Клизма мне могла пригодиться. На всякий случай я засунул ее в карман.
Из кухни заглянула мама.
— Что же это такое? — вздохнула она. — Ты, Феня, совсем как маленькая! Ну посмотрите, что у вас делается в комнате.
Меня мама попросила:
— Слазай, пожалуйста, в погреб, сынок. Мне картошки нужно.
Ход к нам в погреб — прямо из комнаты, рядом с сундуком. Я взял фонарик и ведро, потянул за кольцо, ввернутое в тяжелую квадратную крышку, и полез за картошкой.

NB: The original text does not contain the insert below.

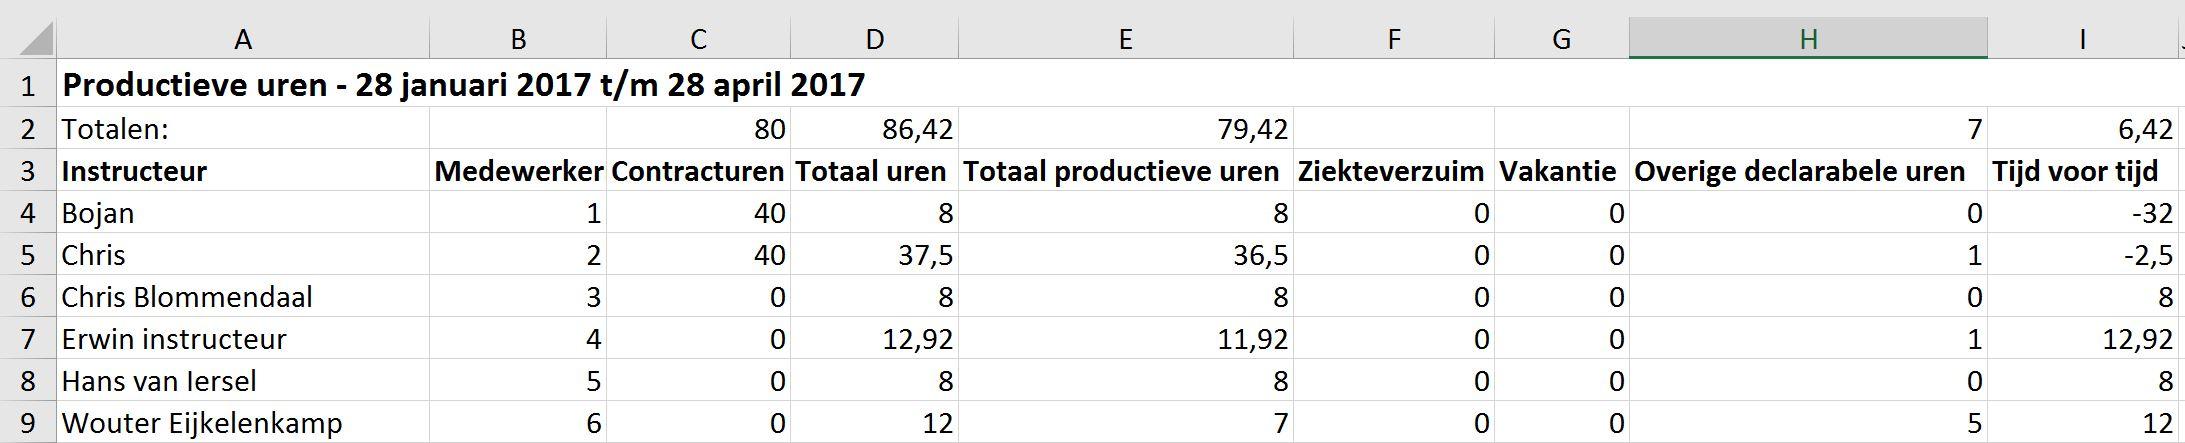 Inhoud_urenrapport_Dation.JPG

Наполнив ведро, я поднял его к люку и крикнул Фене:
— Держи давай, монахиня!
Феня вытащила картошку и сказала:
— А ты остудись немного, балаболка.
Я не успел опомниться, как крышка захлопнулась.
— Фе! — заорал я. — Эй!
В подвале пахло землей, плесенью и квашеной капустой. Я дубасил кулаком в люк и вопил. На меня сыпалась труха.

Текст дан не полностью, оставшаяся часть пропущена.